What to do
Repeat the data exactly, please; no pictures belong in the copy.

Provided material

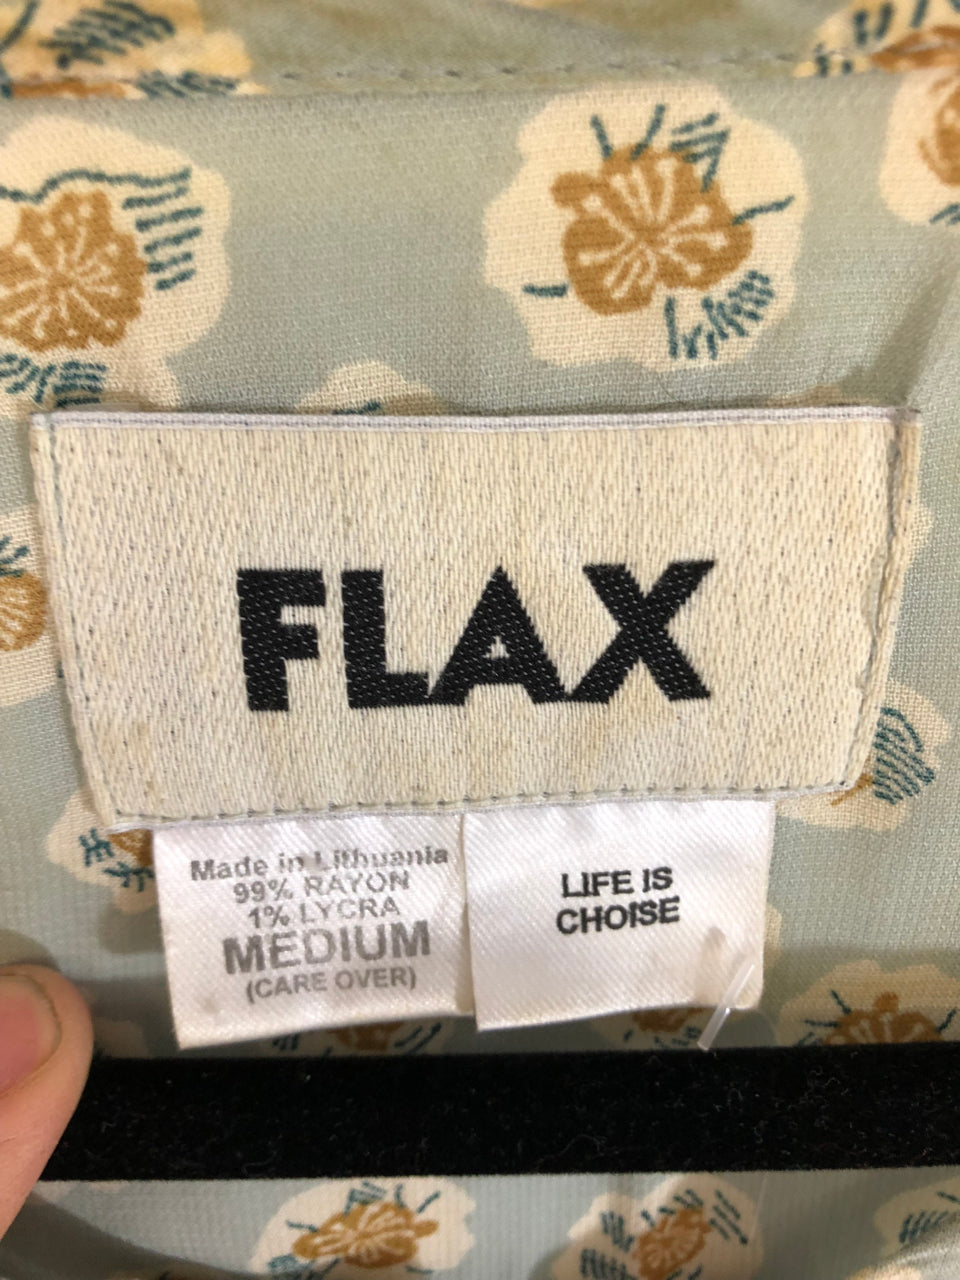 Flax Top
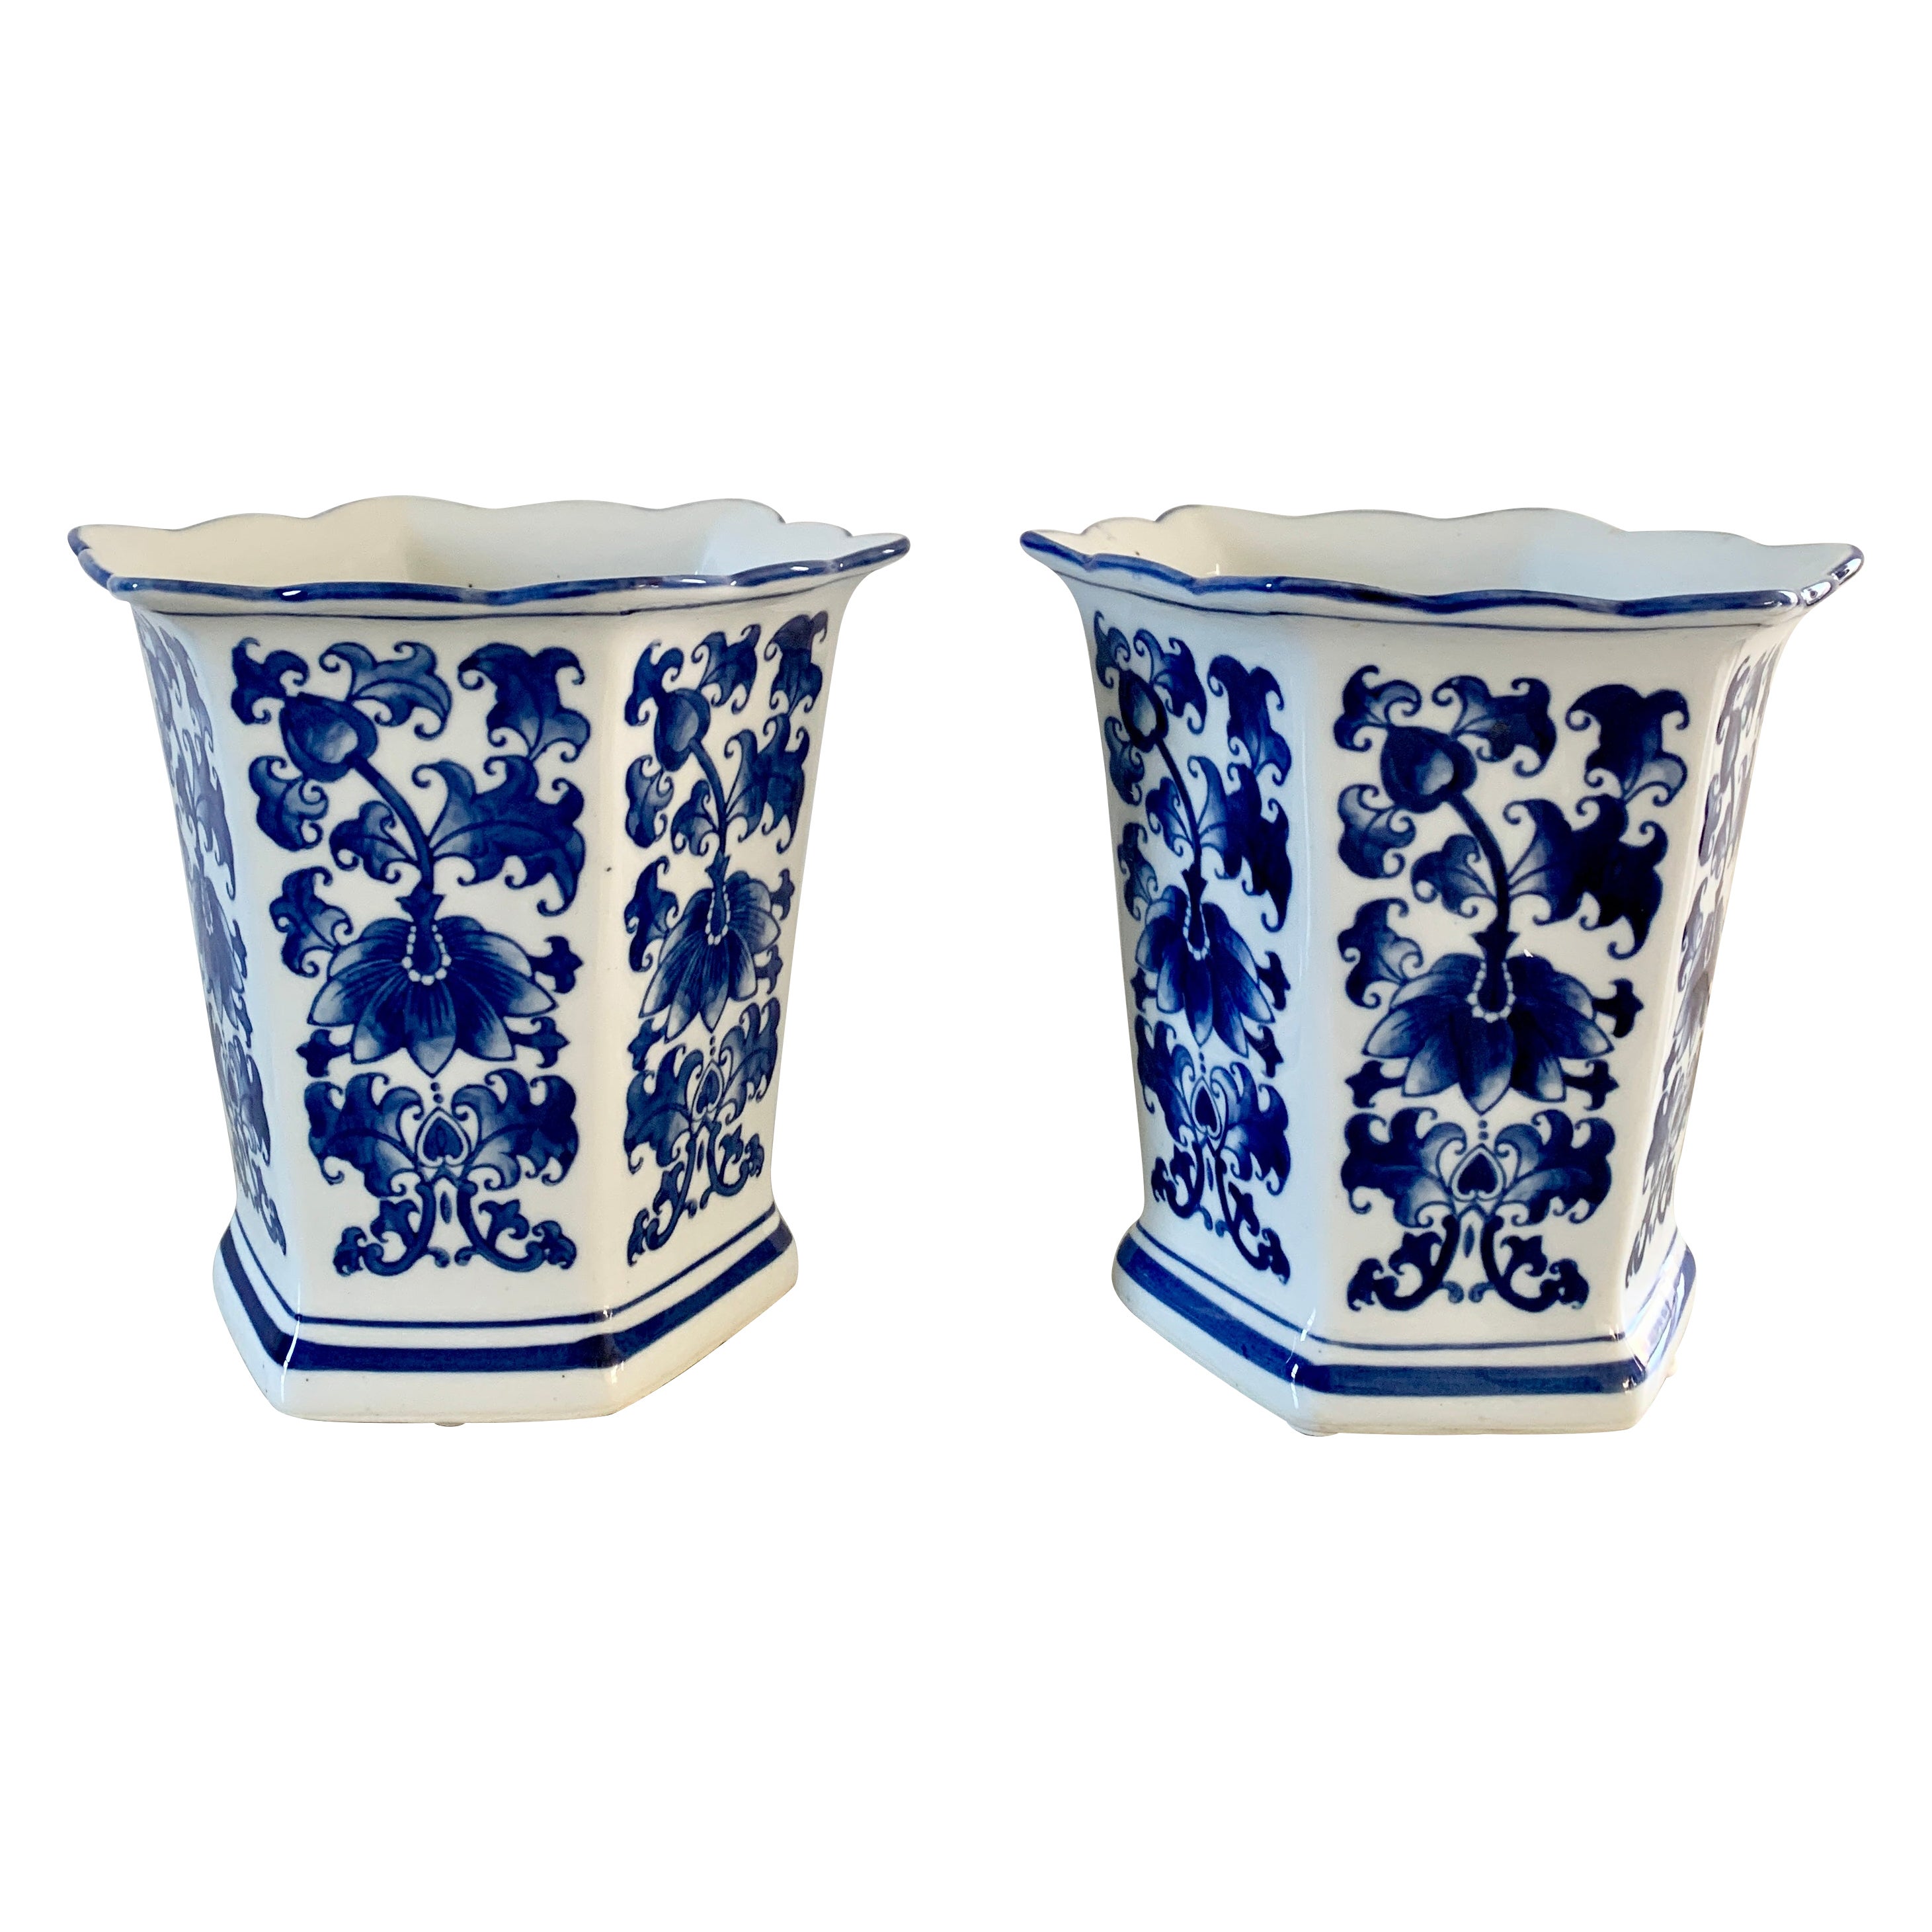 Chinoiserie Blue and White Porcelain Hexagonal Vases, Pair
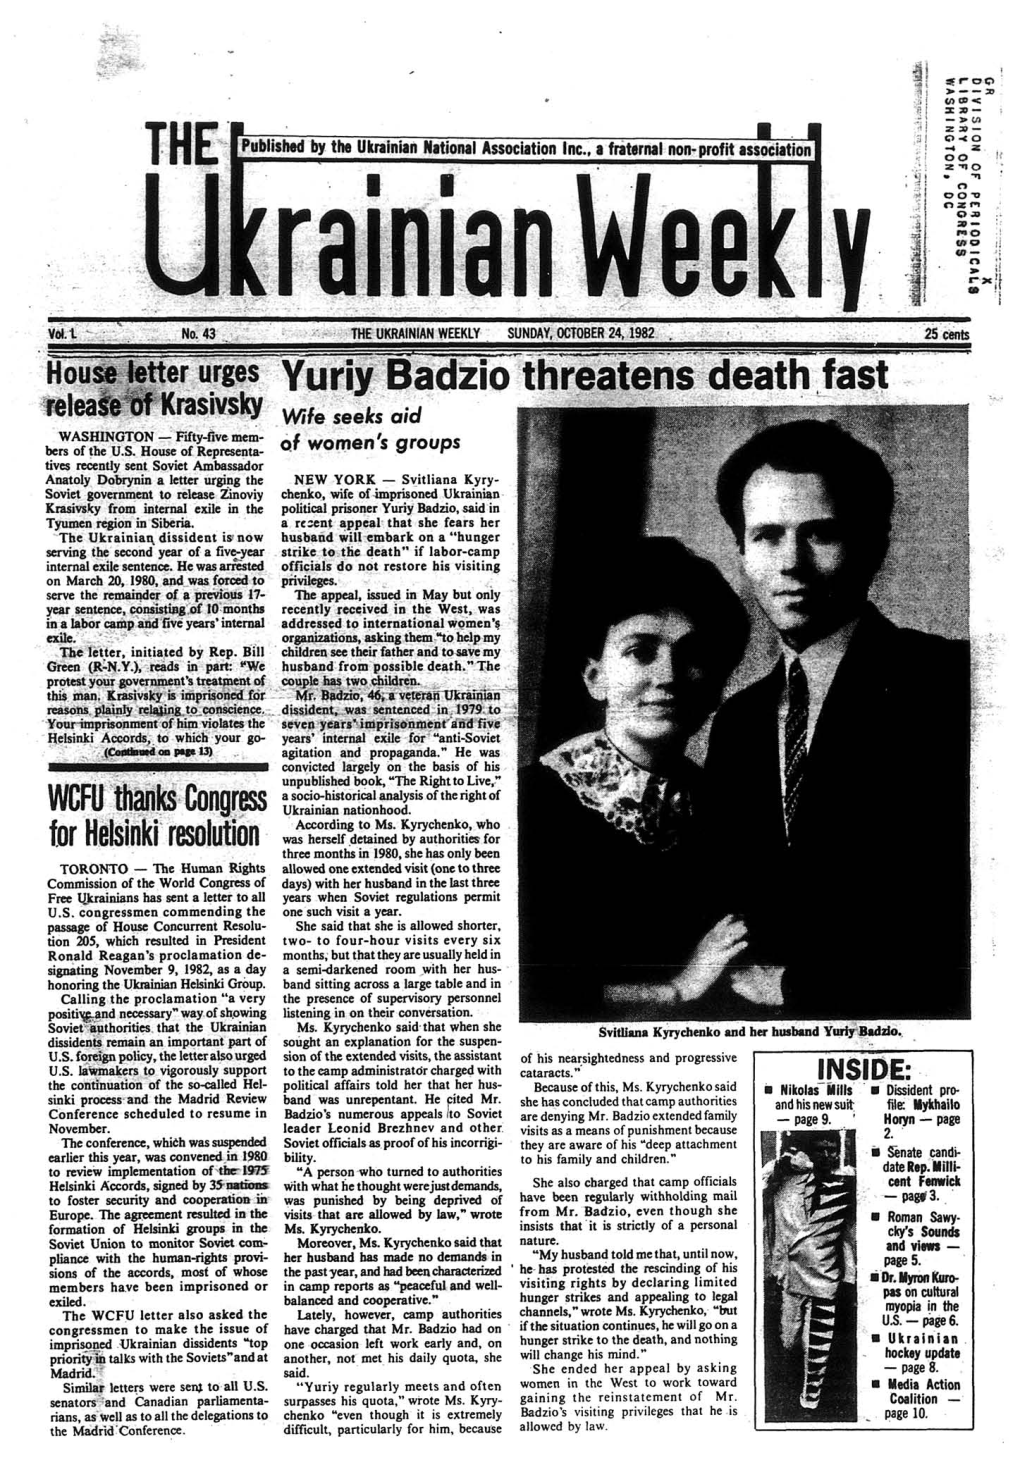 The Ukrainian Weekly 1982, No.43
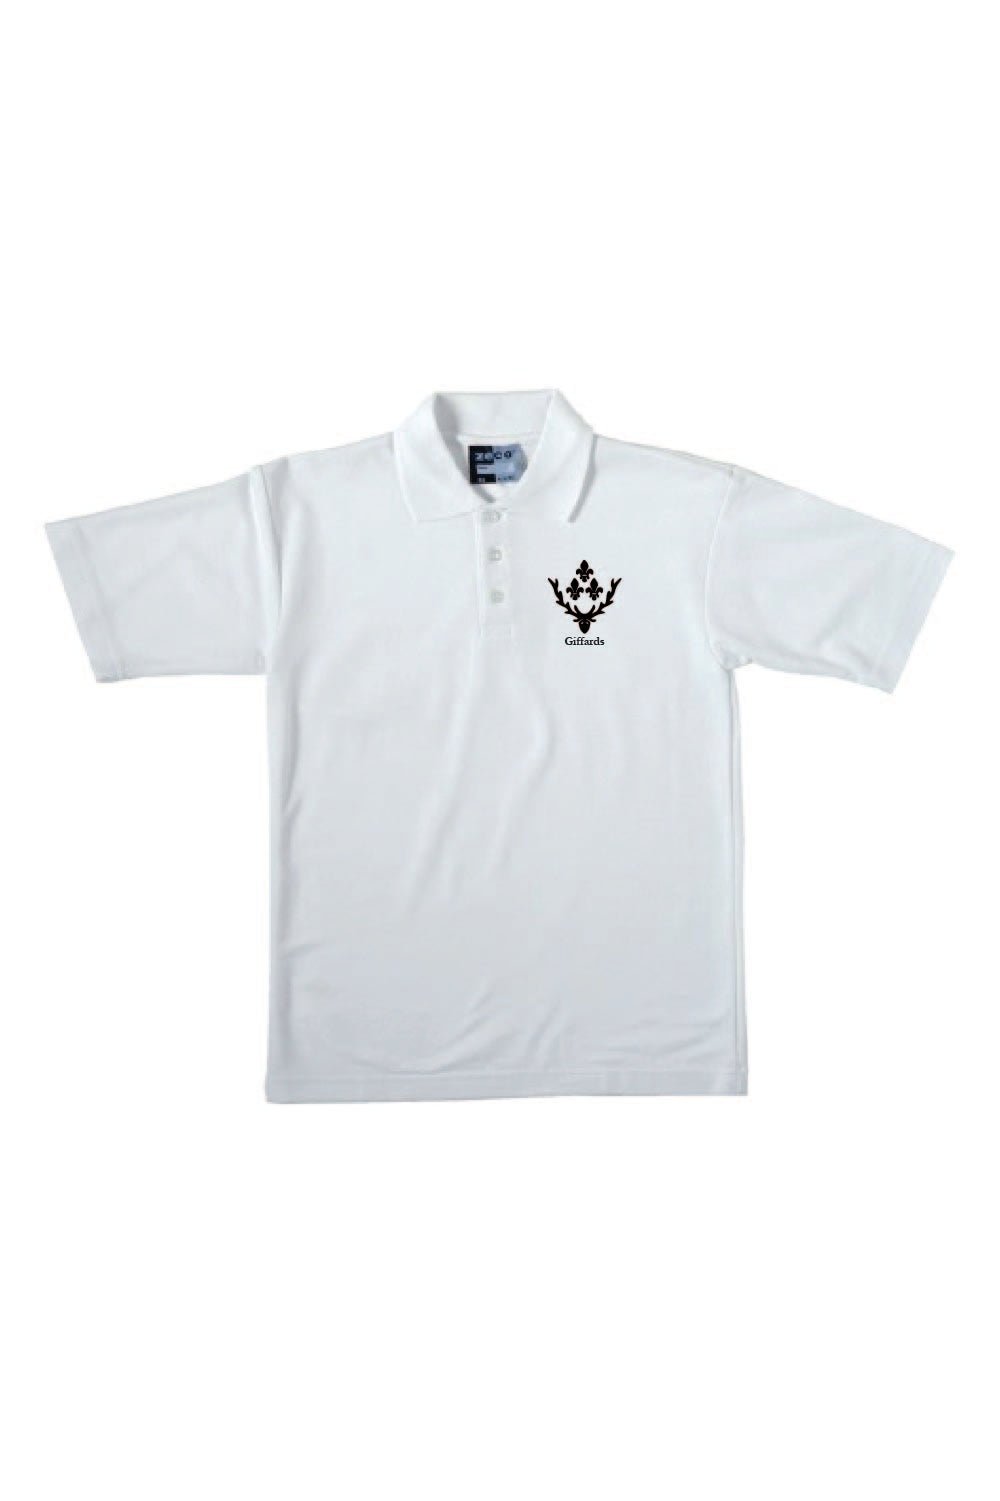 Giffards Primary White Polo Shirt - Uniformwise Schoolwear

Completed exercise
 Flax Top
 Chinoiserie Blue and White Porcelain Hexagonal Vases, Pair
 The Ukrainian Weekly 1982, No.43
 Giffards Primary White Polo Shirt - Uniformwise Schoolwear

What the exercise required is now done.